What emerges from this discussion is that much of the demand for safe assets comes from sophisticated financial institutions and sovereign reserve managers. To my mind, this completely weakens the case for any form of subsidy for the creation of safe assets. The literature on participation in equity markets (which can be regarded as a proxy for risk taking in financial markets) demonstrates that participation is determined to a great extent by intelligence (Grinblatt et al), cognitive ability (Christelis et al), education (Cole and Shastry) and financial literacy (Rooij et al).
Most of the demanders of safe assets are big institutions (according to Manmohan Singh’s work), and one would expect them to possess a sufficient pool of intelligence, cognitive ability, education and financial literacy to be able to invest in risky assets. In some cases, portfolio risk may actually be lower if safe assets are replaced by equities. For example, Manmohan Singh explains how the security lending activities of asset managers creates a reverse maturity transformation – it converts the long term investment portfolio of households into a demand for short term assets (collateral). To the extent to which equities are correlated with each other, it is plausible that collateral in the form of stocks similar to those that are lent out might reduce risk. To the extent to which the borrower of the stocks is engaged in a “pair trade”, a natural supply of such collateral might exist.
I suspect that the demand for safe assets is better explained by a rational tradeoff between the costs and benefits of risk assessment (in a manner that bears some similarities to the rational inattention model of Sims). I therefore look at the huge demand for safe assets as a consequence of the moral hazard engendered by repeated bail outs of the financial sector. Even sophisticated investors may find it optimal not to make a serious risk assessment of any asset which has little idiosyncratic risks and is exposed only to systemic risks if the probability of such an asset (or rather its investors) being bailed out is quite high.
When one reads Gorton carefully, it becomes apparent that that the safe (or informationally insensitive assets) are not risk free – they are only free of idiosyncratic risk. Systemic risk is less subject to information asymmetry and therefore does not pose the problems that Gorton attributes to risky assets in general. But then the ability of the state to insure against systemic risk is highly suspect because if such an insurance is attempted in sufficiently large scale, the result is likely to be a sovereign debt crisis when the systemic risk event materializes. Capitalism to my mind is about accepting and dealing with failure, while the path that Gorton and Ricks are proposing is the path of socialism.

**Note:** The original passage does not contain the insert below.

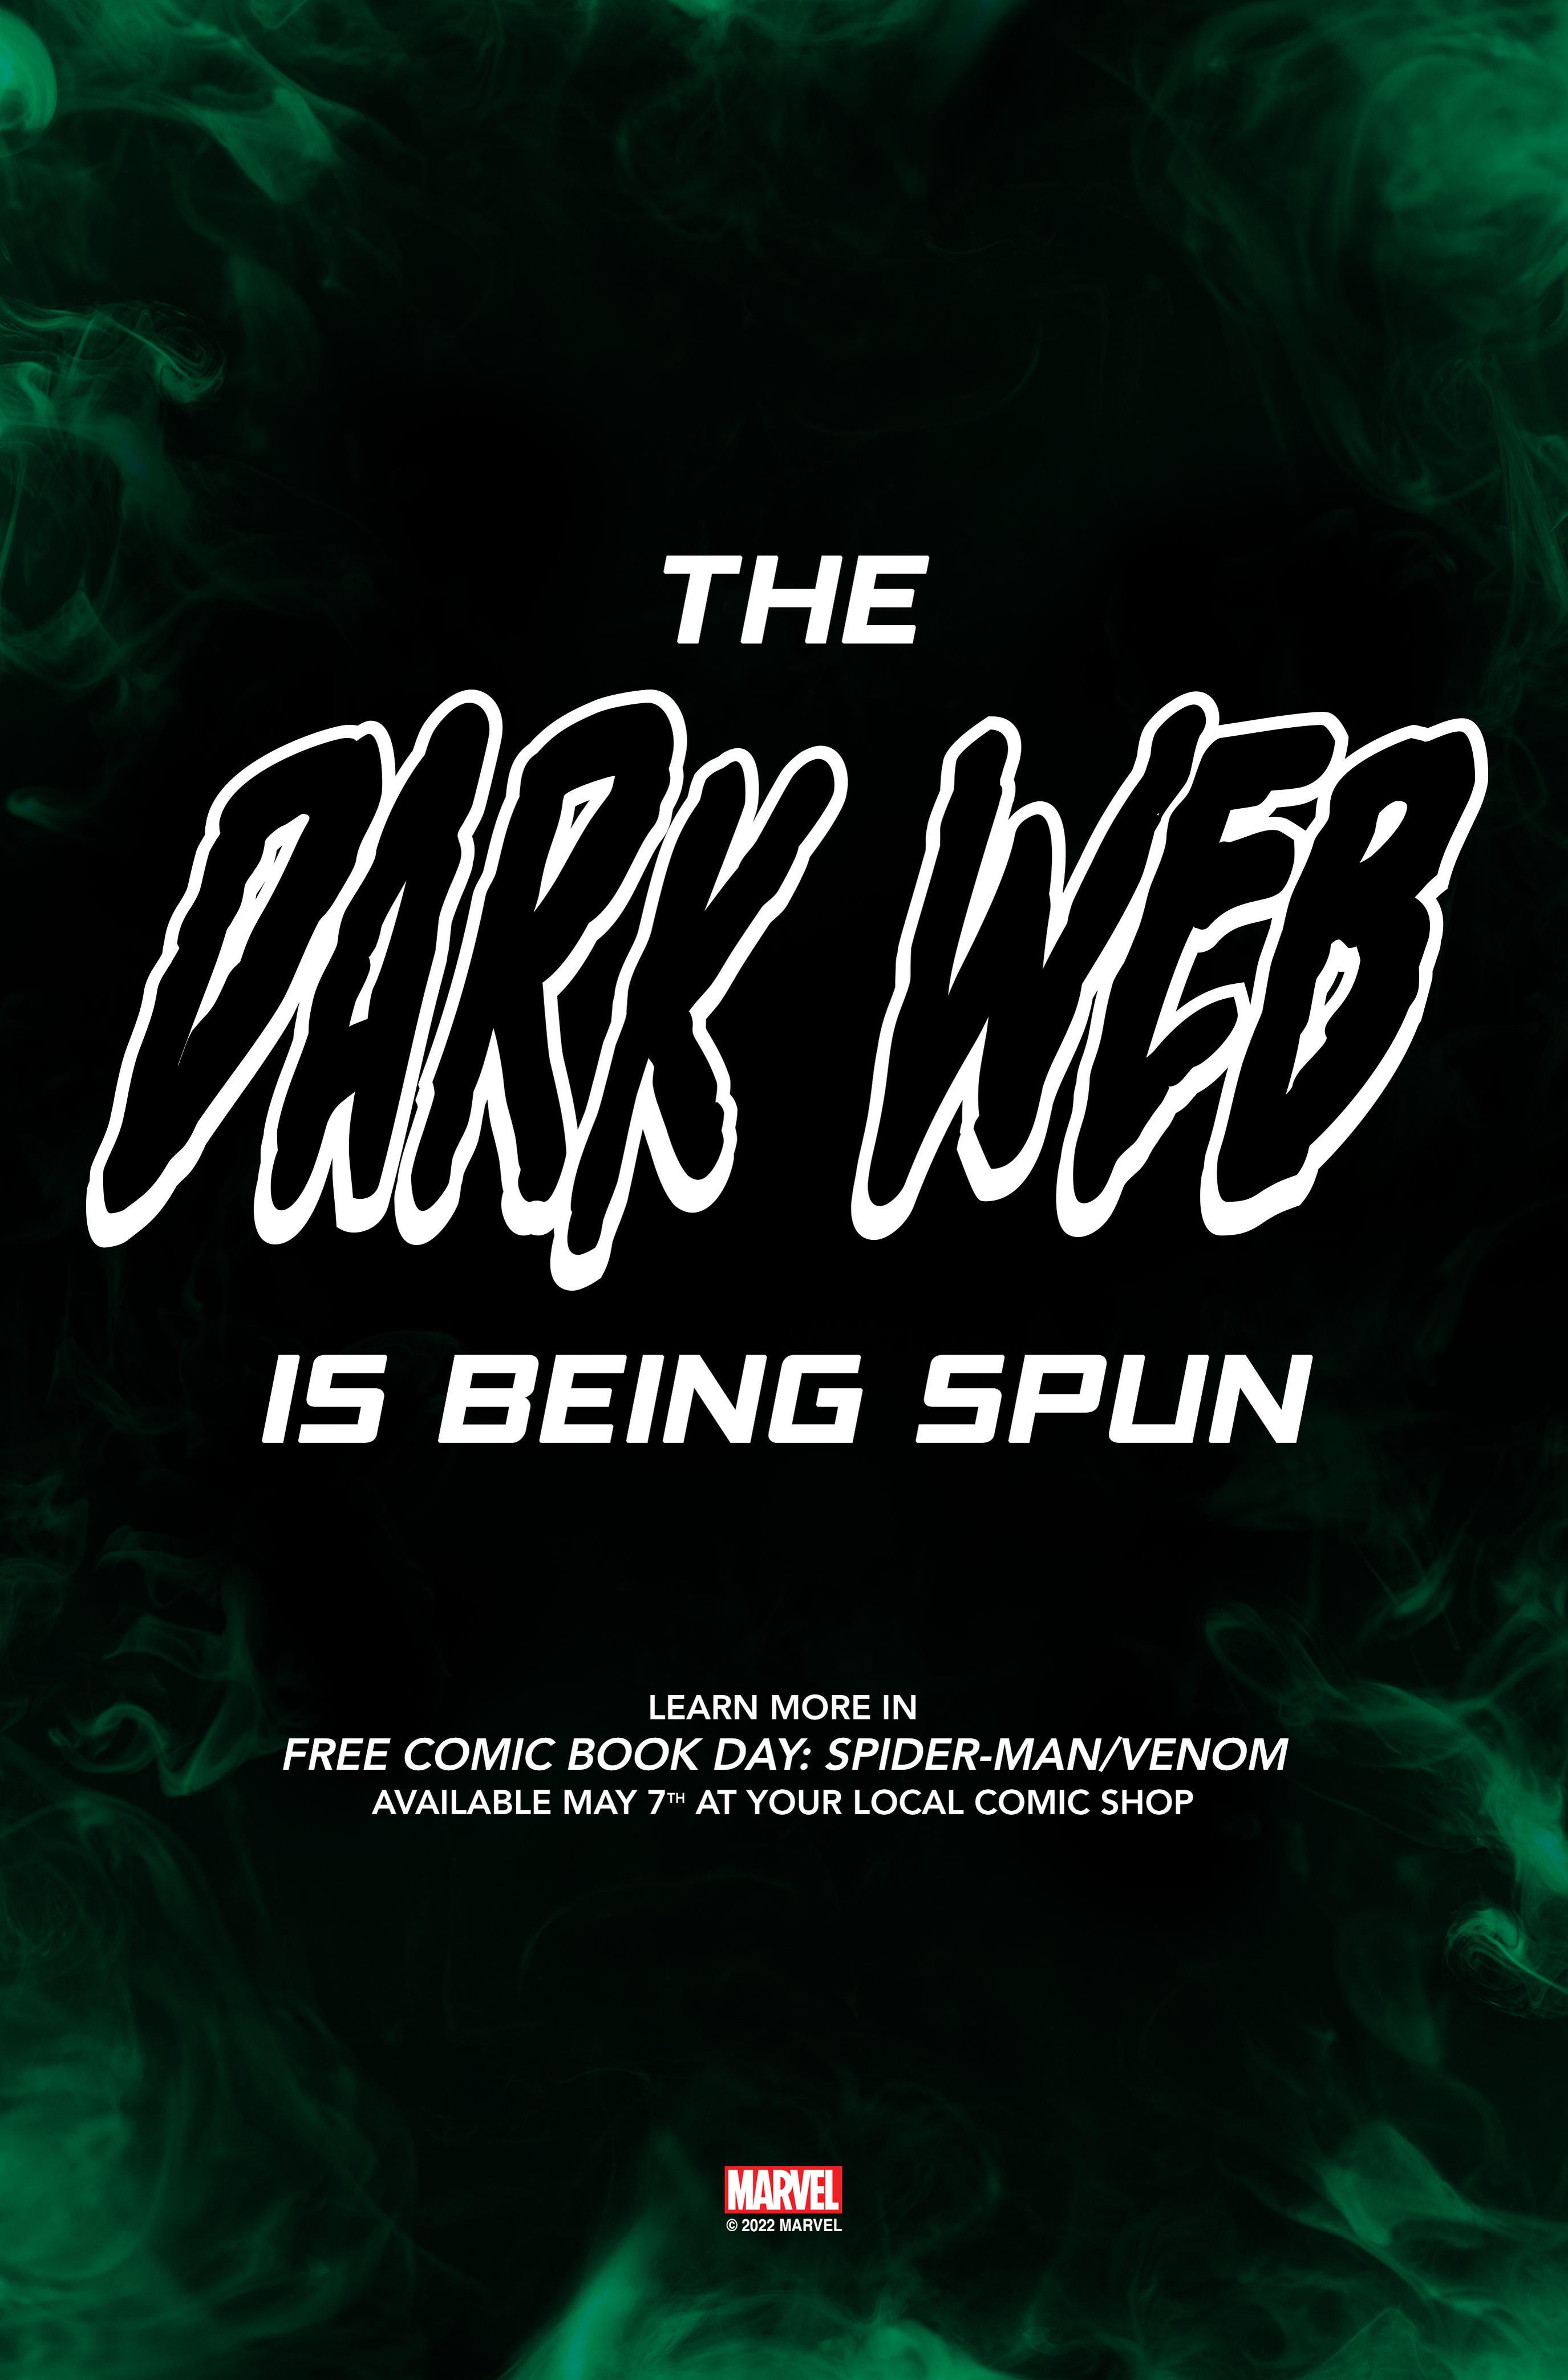 spider-man-dark-web-teaser.jpg

I see a similarity between the desire of the rentier class for safe assets and the desire of the working class for defined benefit pension plans. In both cases, the desire is to shift the risks to the taxpayers and thereby avoid the cognitive burden of making informed choices. In the case of the working class, society has over the last few decades rejected the demand for “informationally insensitive” pensions (defined benefit plans) despite the fact that lower levels of financial education might make the cognitive burden quite high for many of these people. I see no reason why the rentier class should receive a more favourable treatment.
Wed, 25 Jan 2012
Almost a year ago, I wrote a paper on finance teaching and research after the global financial crisis (see this blog post). A revised version of this paper has been published in the latest issue of Vikalpa. The only significant change in the published version is that the portion dealing with learning from related disciplines has been expanded and rewritten. Most of the other changes were only to improve readability and clarity. As always, comments and suggestions are welcome.
Thu, 19 Jan 2012
In recent decades, economists have been increasingly focused on the de facto exchange rate regime using the ideas developed by Reinhart and Rogoff (2004) and by Frankel and Wei (1994). This approach of looking at the actual data is of course a huge advance over the naive approach of relying on official pronouncements. Intermediate approaches are also possible as exemplified in the IMF’s De Facto Classification of Exchange Rate Regimes and Monetary Policy Framework.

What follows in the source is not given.